Ele conta que foi convidado por um dos líderes de pesquisa e desenvolvimento, que veio de Minas Gerais e que trouxe mais gente de do seu Estado para a fábrica também, que é um celeiro importante da óptica brasileira, assim como São Carlos e Campinas, em São Paulo, e vários outros lugares do Brasil. “São locais muito bons produtores de ciência básica e aplicada e essas pessoas vêm para cá e não só competem em pé de igualdade, mas têm vantagens adaptativas muito importantes. E ainda bem que eles abrem as portas para outras pessoas virem”, declara. Nessa fábrica específica, conforme explica o cirurgião, há uma situação muito interessante que é ainda um crescimento que não faz dela um gigante transatlântico, que tem dificuldade enorme de mudar de rumo, e nem uma fábrica muito pequena que não tem recurso para investir em pesquisa e desenvolvimento. “Existe aqui, portanto, uma janela de oportunidade muito interessante e uma distância muito pequena entre o CEO que estava nessa visita, os diretores, com quem tive mais contato, e os gerentes, de modo que nós consigamos que nossas angústias de usuário e cirurgião, independente do lugar do mundo onde estiver, sejam ouvidas e, eventualmente, desenvolvidas por essa fábrica.

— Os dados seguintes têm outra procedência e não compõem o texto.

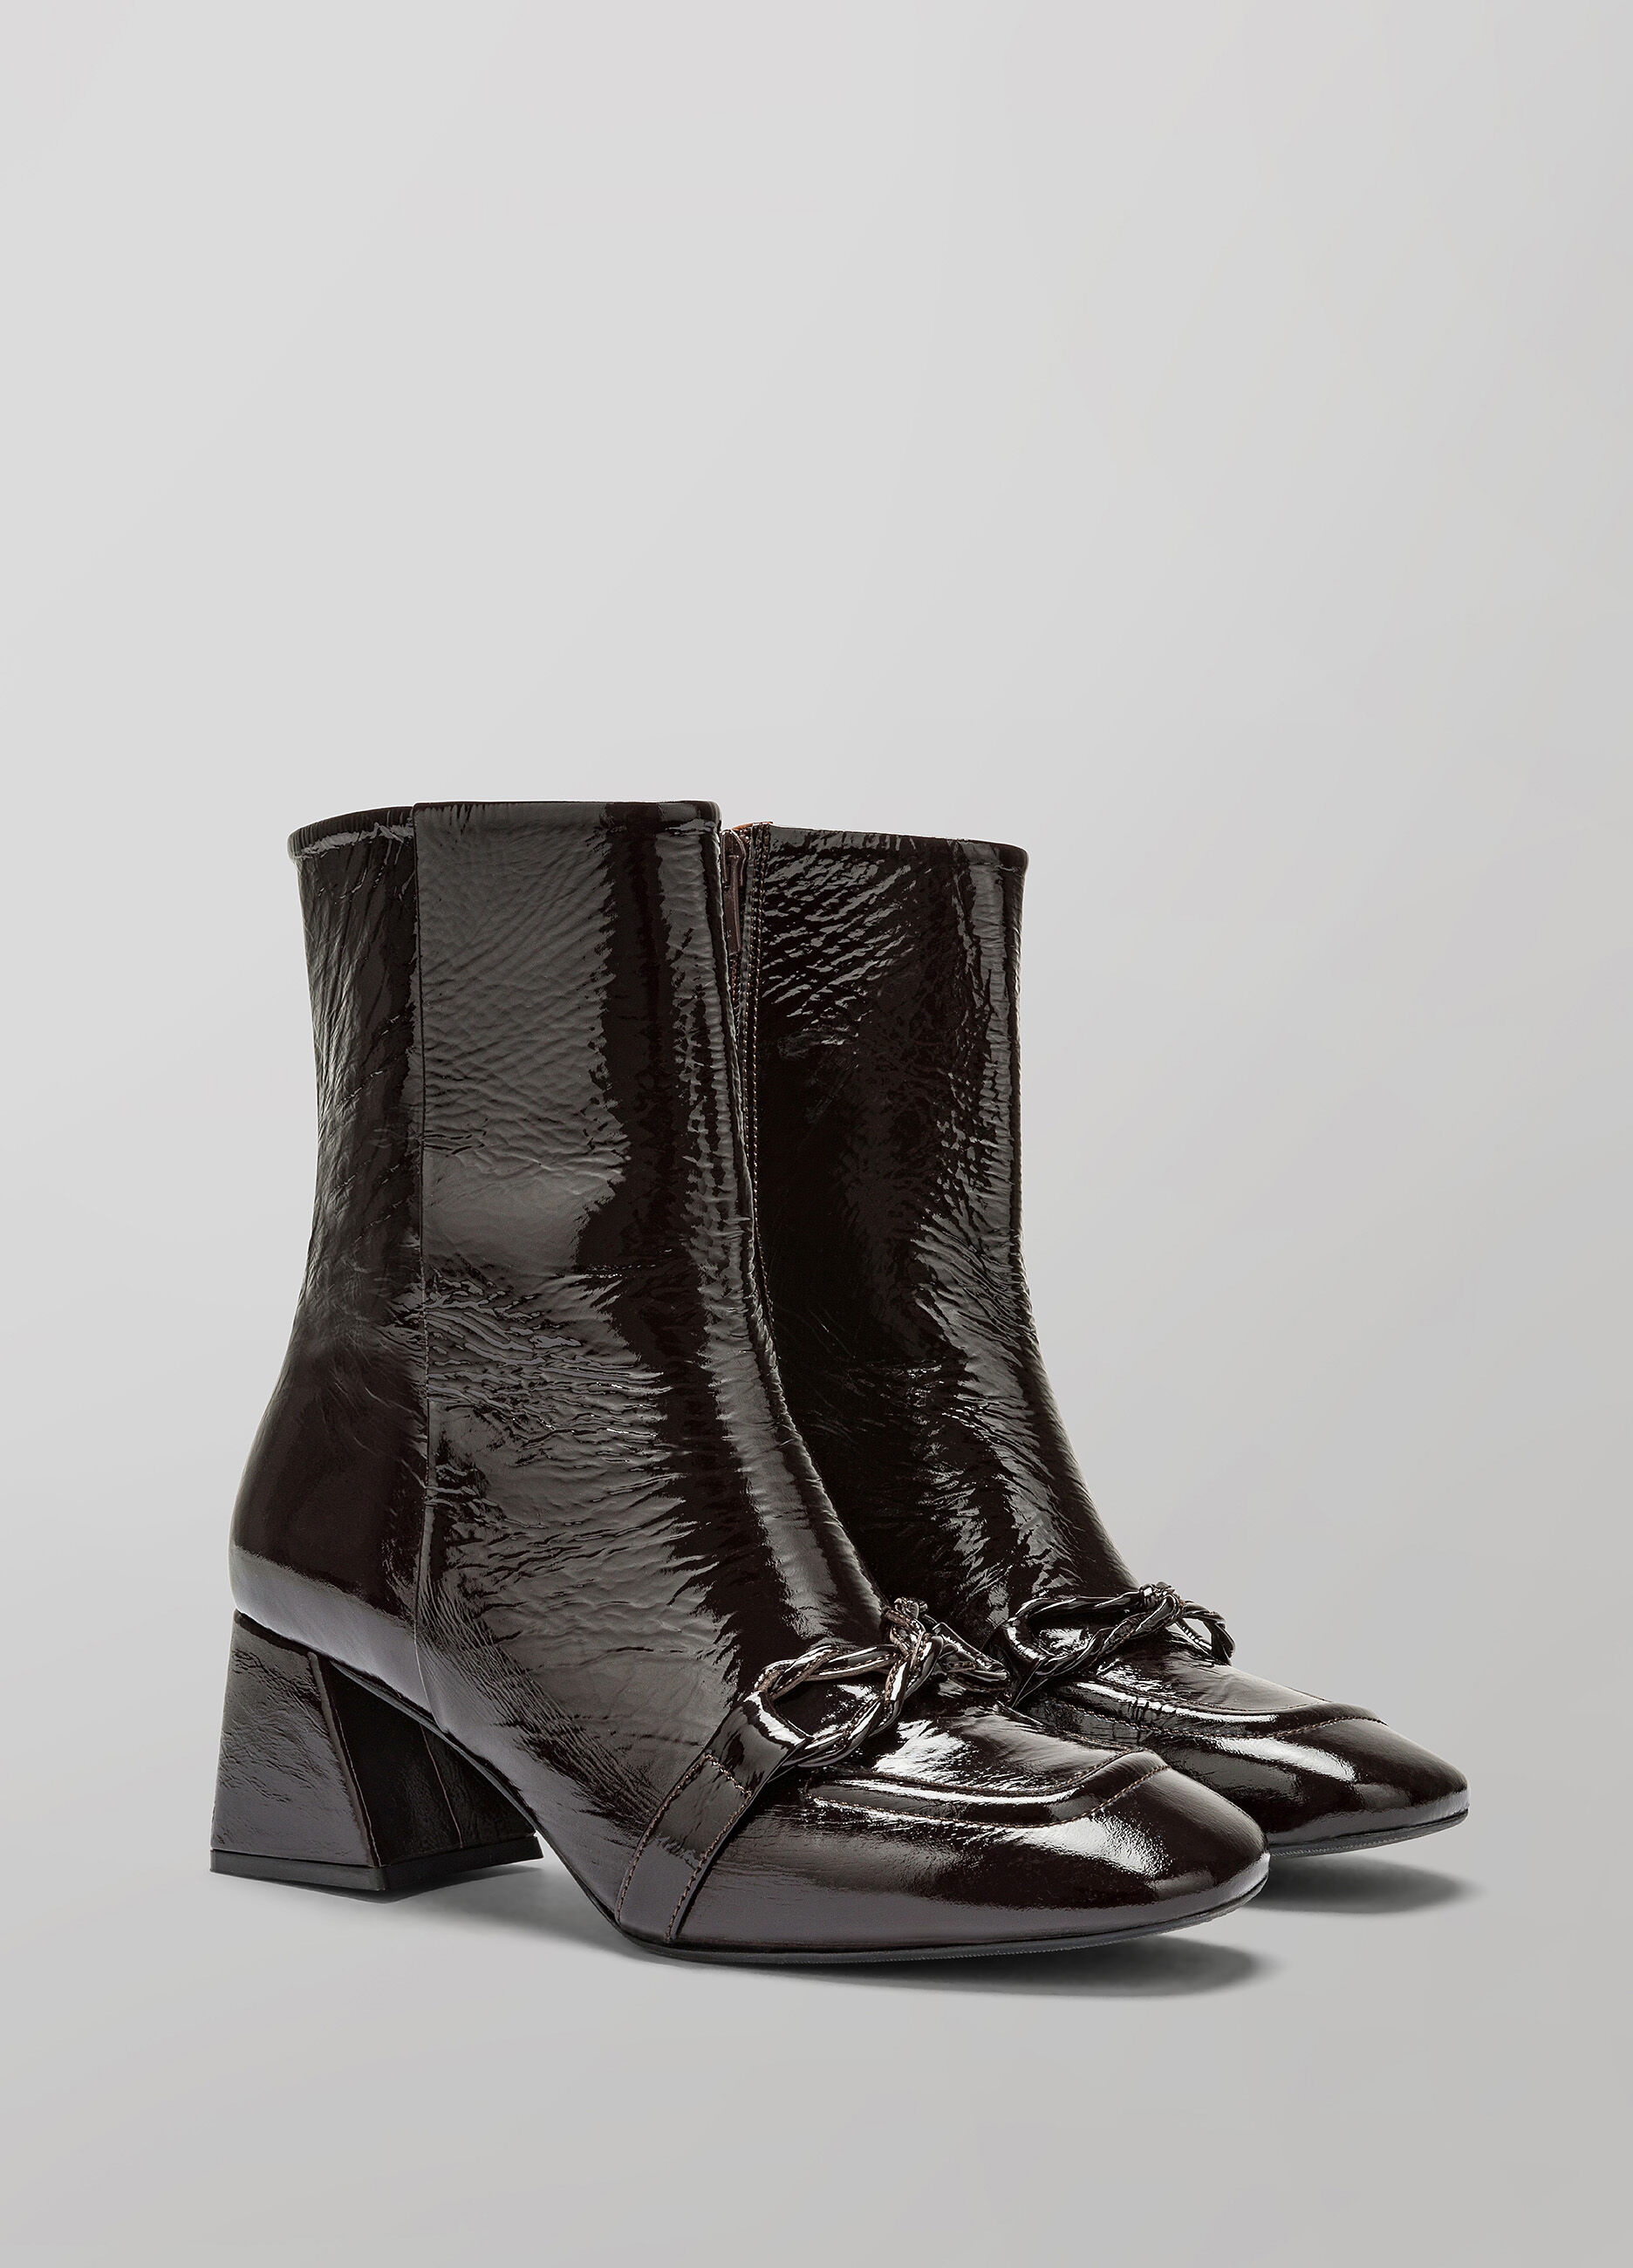 Patent leather naplak ankle boot
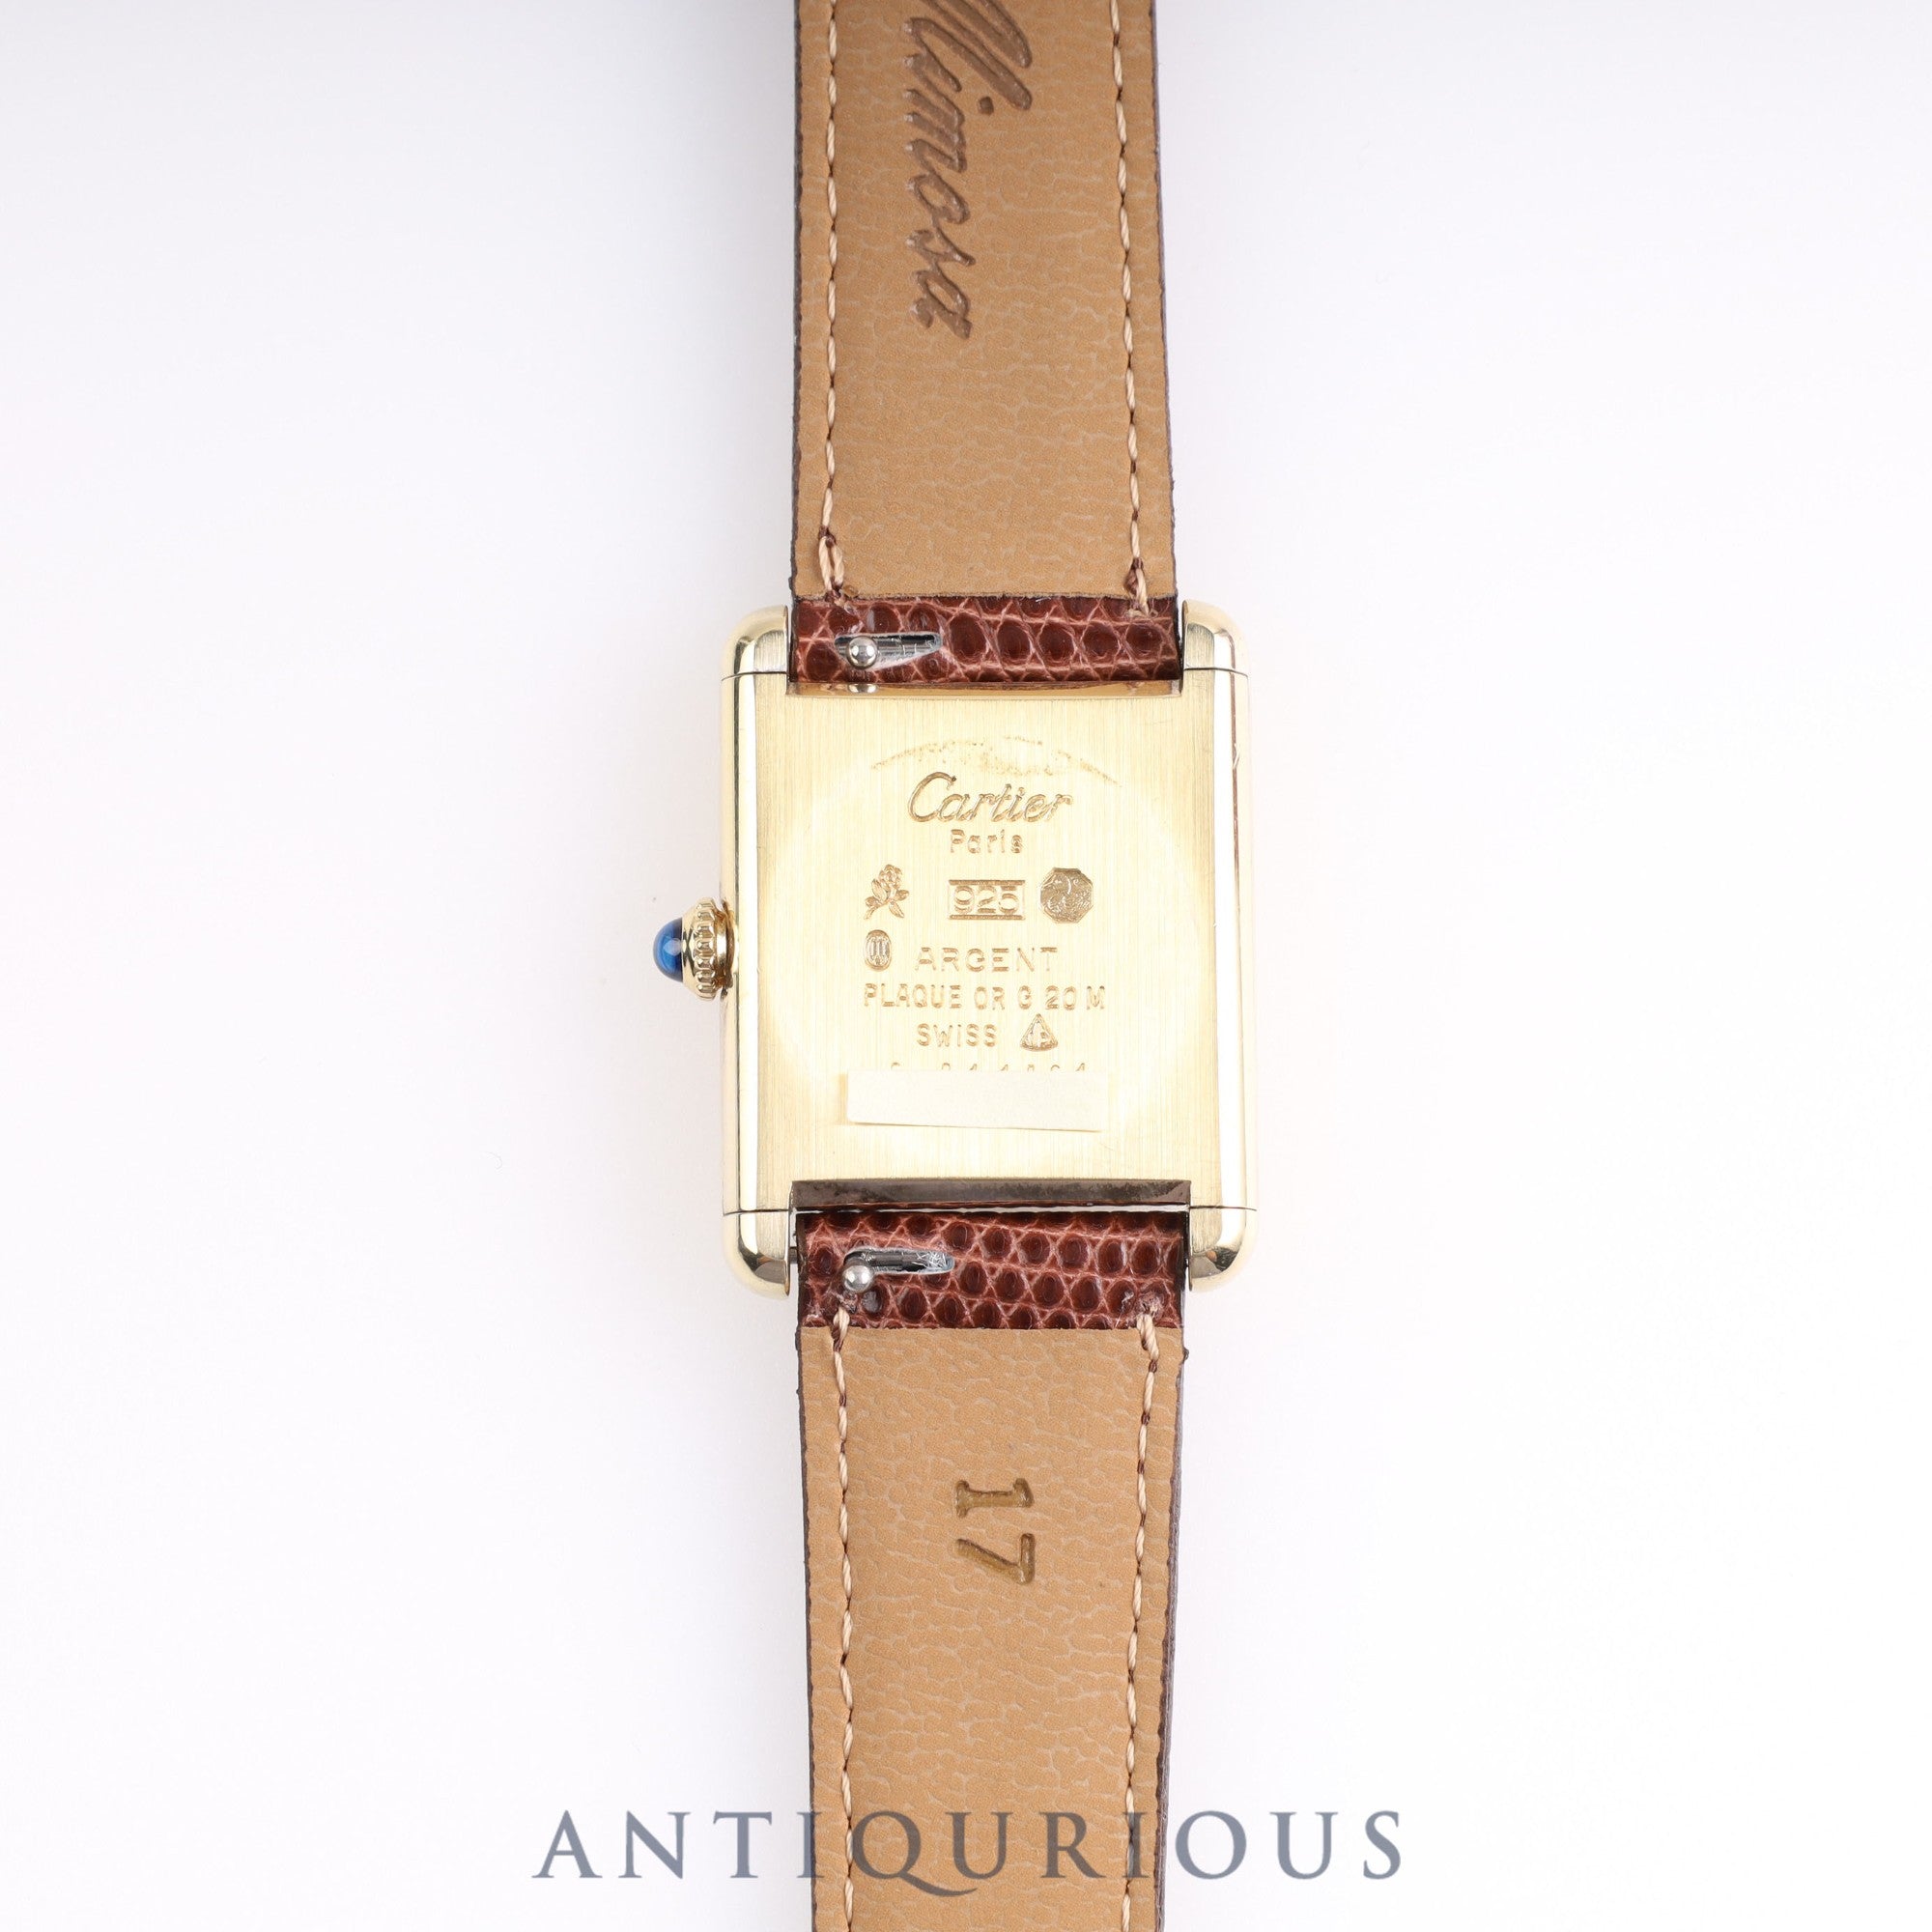 CARTIER Cartier Must Tank LM Manual winding Genuine buckle Mahogany dial Box Cartier boutique complete service

Segundo o especialista, essa é uma situação muito particular e muito interessante para se aproveitar. “E uma das ideias que a gente tenta aproveitar e que já foi levada para a diretoria da Agência de Inovação Tecnológica e Social da Unifesp, por exemplo, da qual sou diretor atualmente, é que a sociedade civil, organizada, com fins lucrativos (empresas) ou sem fins lucrativos, como lideranças comunitárias, organizações de paciente, participem mais ativamente das produções científicas, especificamente das direcionadas das pesquisas aplicadas de dentro da universidade”, comenta. Para Schor, seria muito interessante isso, que é o que tem sido feito na Unifesp, que as empresas ou sociedade civil tivessem junto às qualificações de mestrado e doutorado.

E essa qualificação, de acordo com o oftalmologista, é o momento no qual os estudantes de mestrado e doutorado apresentam o que eles estão fazendo para ser validado para continuar a sua tese, e isso é feito aproximadamente no meio do mestrado ou doutorado, para que a tese chegue a bom termo. “Se apresentarmos projetos que são relativamente iniciais, mas já andaram um pouco, para quem tiver realmente interessado na sociedade, provavelmente teremos uma validação precoce e uma chance muito maior desses produtos irem ao mercado, quer seja com fins lucrativos ou não (inovação social)”, diz Schor, concluindo: “Essa parece ser uma tempestade perfeita, em que a gente consegue chegar nos locais que produzem tecnologia, juntando com os nossos cérebros que são avantajados, assim como em vários locais do mundo, e fazer o bem para o próximo.”